Tiempo después, también cayó Javier, otro de los hermanos, durante la retirada de la insurrección de 1978 en León. Cuando Omar conoció la noticia, solo él y Raúl permanecían en la guerra.
Los dos hermanos se reencontraron y comprendieron la magnitud de lo ocurrido: habían perdido a Emir, a Javier y a su padre.
Fue entonces cuando hicieron una promesa:
“Prometámonos algo: si uno de los dos, nosotros, cae y el otro queda vivo, cuando triunfe la Revolución se compromete a juntar todos los cadáveres de los tres muertos, incluyendo el de mi papá”.
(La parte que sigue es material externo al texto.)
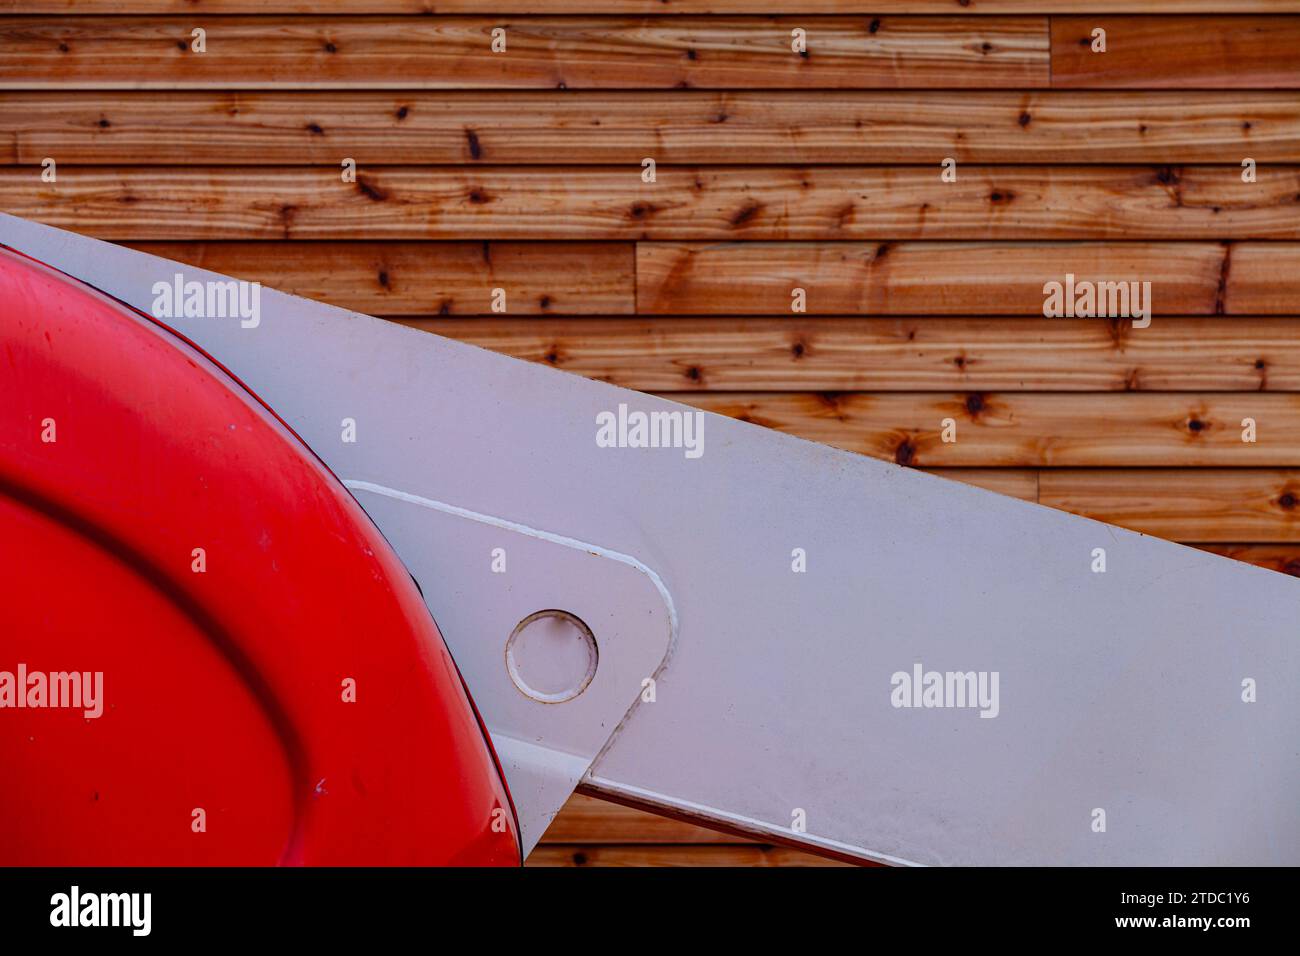 Abstract image of an industrial machine against a wood background in Steveston British Columbia Canada Stock Photo

Aquella conversación permite comprender el costo humano de la lucha contra la dictadura somocista. Detrás de los grandes acontecimientos históricos hubo familias enteras atravesadas por la clandestinidad, la cárcel, la persecución y la muerte.
La memoria de Emir
Emir Cabezas tenía apenas 25 años cuando cayó en combate.
Su recorrido había comenzado en las aulas universitarias de León, continuó en la organización estudiantil y terminó en las montañas de Nueva Guinea, integrado a la Brigada Pablo Úbeda.
Después del triunfo de la Revolución Popular Sandinista, su nombre se mantuvo vinculado a las nuevas generaciones. Uno de los batallones de infantería de reserva fue denominado “Emir Cabezas Lacayo”, mientras que en León un reparto también lleva su nombre.
Pero su legado rebasa los homenajes y las denominaciones.
La historia de Emir permite comprender a una generación de jóvenes nicaragüenses para quienes la militancia revolucionaria significó asumir consecuencias concretas. Estudiaron, organizaron, conspiraron, pasaron a la clandestinidad y algunos, finalmente, subieron a la montaña.
Muchos no regresaron.
Emir fue uno de ellos.
La fotografía publicada por la dictadura pretendió reducirlo a un “delincuente no identificado”. La historia terminó haciendo exactamente lo contrario: devolviéndole su nombre, su rostro y su lugar entre quienes entregaron su juventud a la lucha por una Nicaragua libre.
Referencias
- Cabezas, Omar (1981). La montaña es algo más que una inmensa estepa verde. Colección Socialismo y Libertad, Libro 17.
- Israel Amador, M. y Salazar Hernández, F. Héroes y Mártires que participaron en la Revolución Popular Sandinista enterrados en el Cementerio de San Felipe. UNAN-León.
- Revista Correo de Nicaragua, edición N.° 21.
- Van de Velde, Germán (2021). Emir Cabezas Lacayo, líder estudiantil y guerrillero de la montaña. Cuaderno Sandinista.
- Gaceta Sandinista. Emir Cabezas, líder estudiantil y guerrillero sandinista.

Realmente hay tantas historias que contar de muchos hermanos caídos que aún permaneces en anonimato que solo los familiares conocemos.